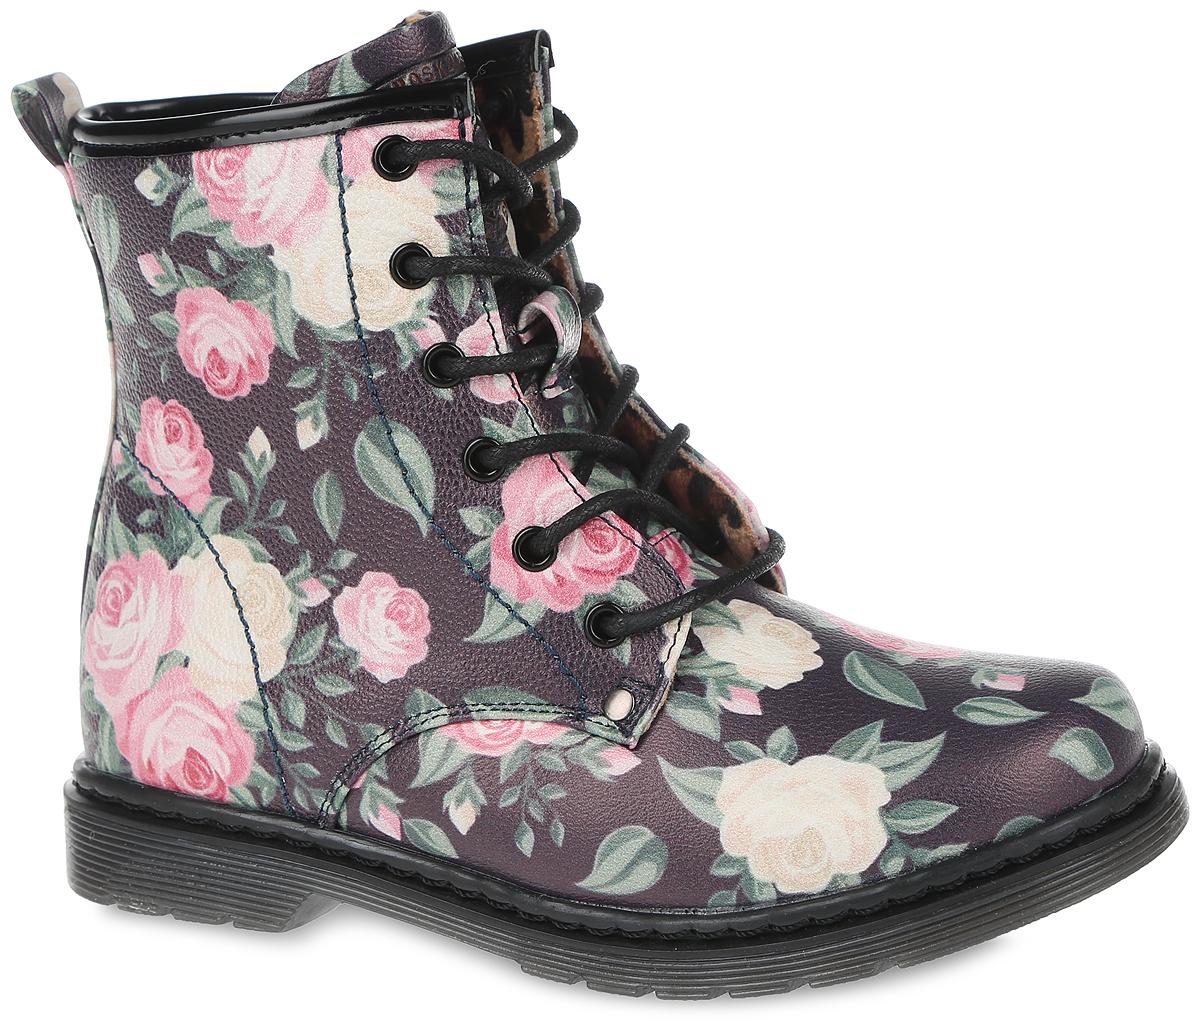 Ботинки для девочки. 635-551-10635-551-10Прелестные ботинки от Adagio приведут в восторг маленькую модницу! Модель выполнена из искусственной кожи и оформлена цветочным принтом, ботинки застегиваются на застежку-молнию, расположенную на боковой стороне. Шнуровка прочно зафиксирует обувь на ноге. Подкладка и стелька, исполненные из мягкого текстиля, комфортны при ходьбе. Низкий каблук и подошва с протектором обеспечивают идеальное сцепление с любыми поверхностями. Удобные и модные ботинки - необходимая вещь в гардеробе каждого ребенка.
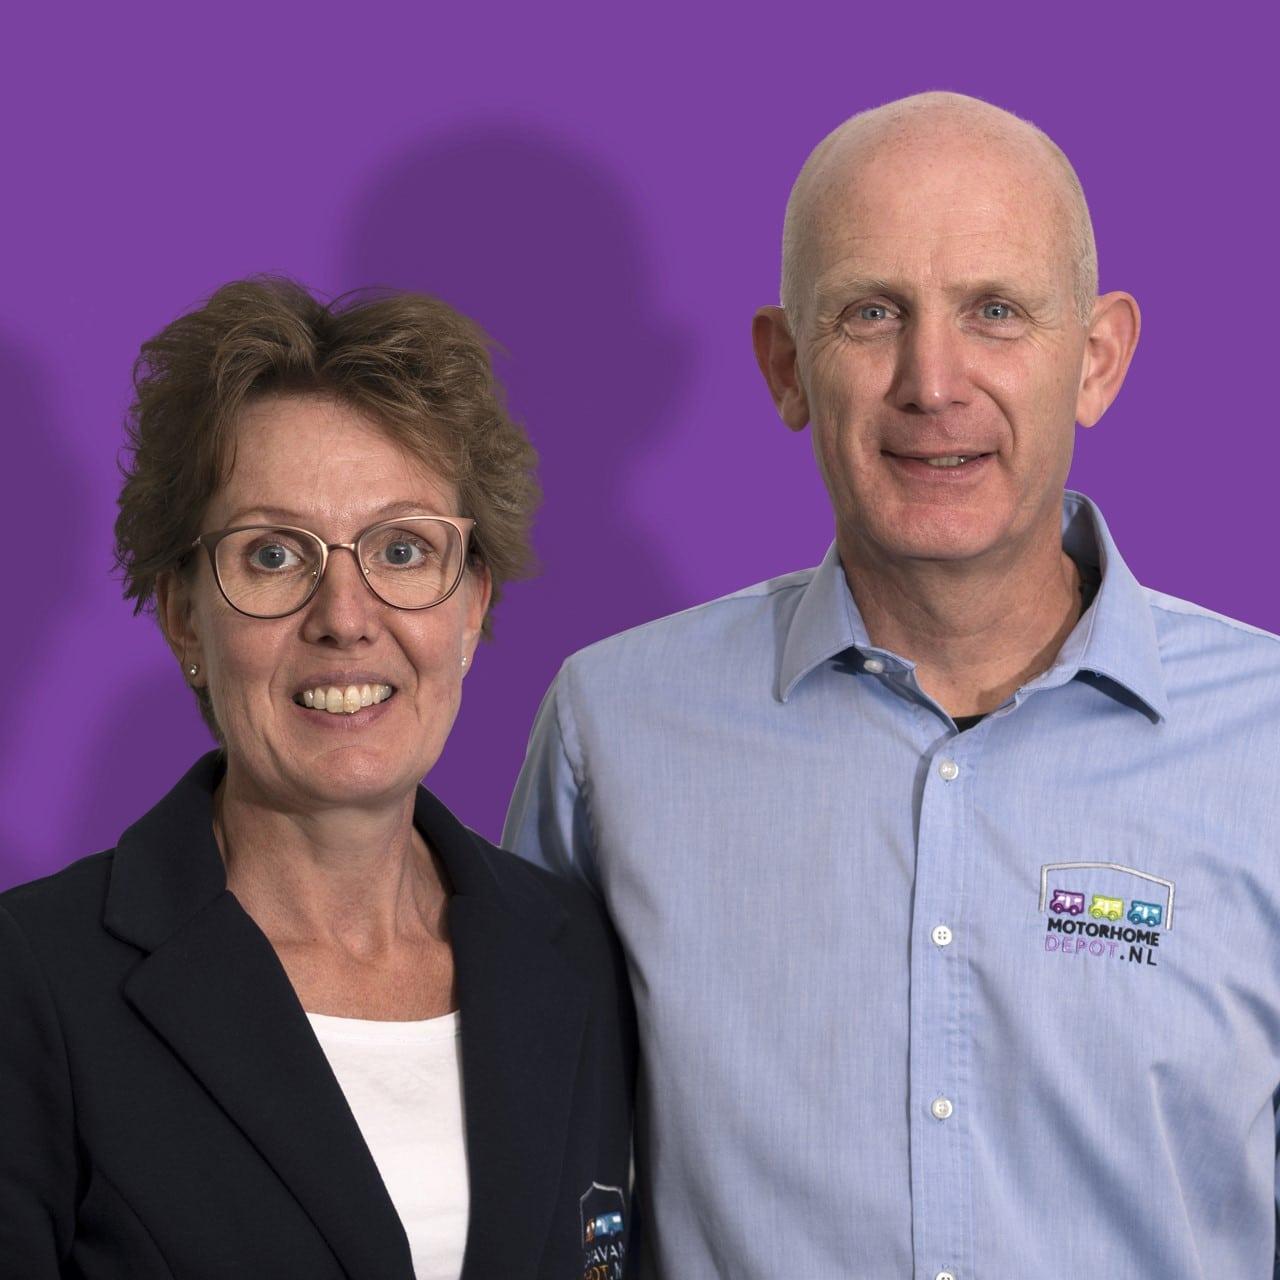 Herald en Inge van Bijleveld
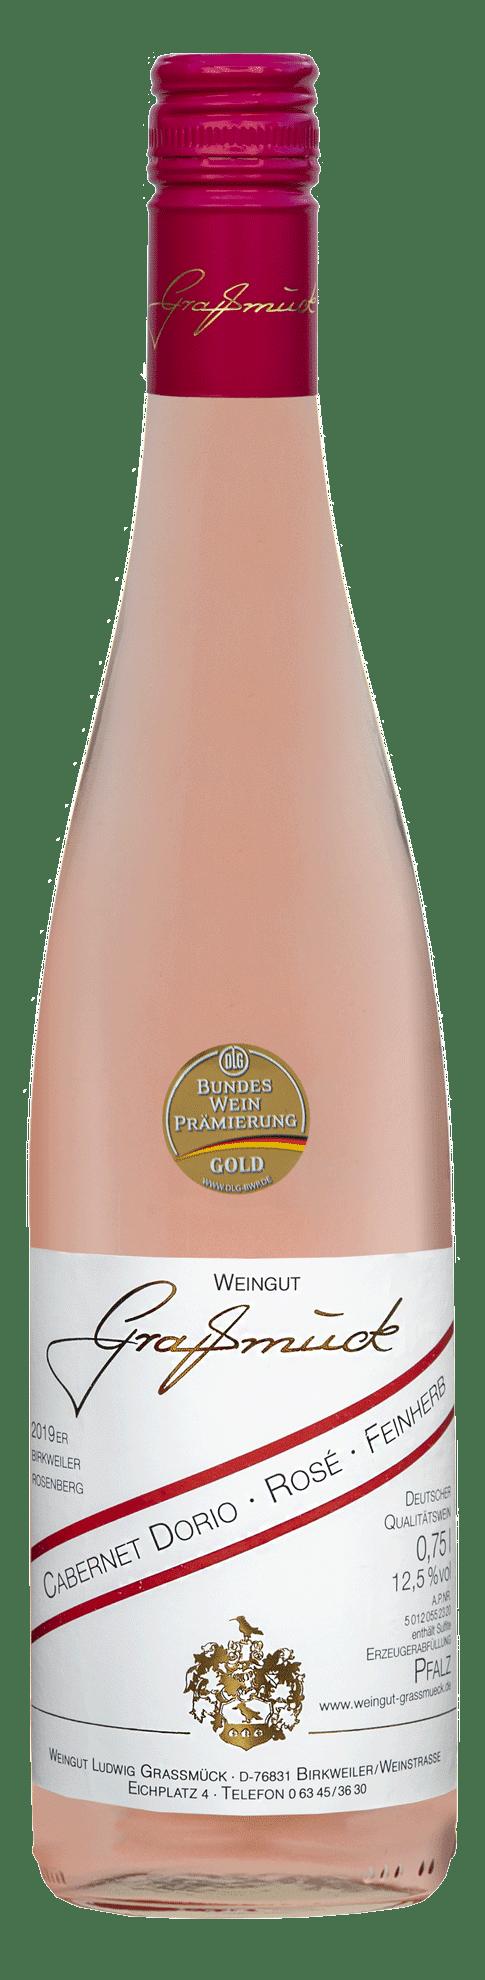 Weingut Ludwig Graßmück, Simon Graßmück, Cabernet-Dorio-Rose-Feinherb-2019 mit Auszeichnung

++++++++++

# The problem:
Now write out the data word for word, skipping every picture in it.

# The completed task:
 Ботинки для девочки. 635-551-10635-551-10Прелестные ботинки от Adagio приведут в восторг маленькую модницу! Модель выполнена из искусственной кожи и оформлена цветочным принтом, ботинки застегиваются на застежку-молнию, расположенную на боковой стороне. Шнуровка прочно зафиксирует обувь на ноге. Подкладка и стелька, исполненные из мягкого текстиля, комфортны при ходьбе. Низкий каблук и подошва с протектором обеспечивают идеальное сцепление с любыми поверхностями. Удобные и модные ботинки - необходимая вещь в гардеробе каждого ребенка.
 Herald en Inge van Bijleveld
 Weingut Ludwig Graßmück, Simon Graßmück, Cabernet-Dorio-Rose-Feinherb-2019 mit Auszeichnung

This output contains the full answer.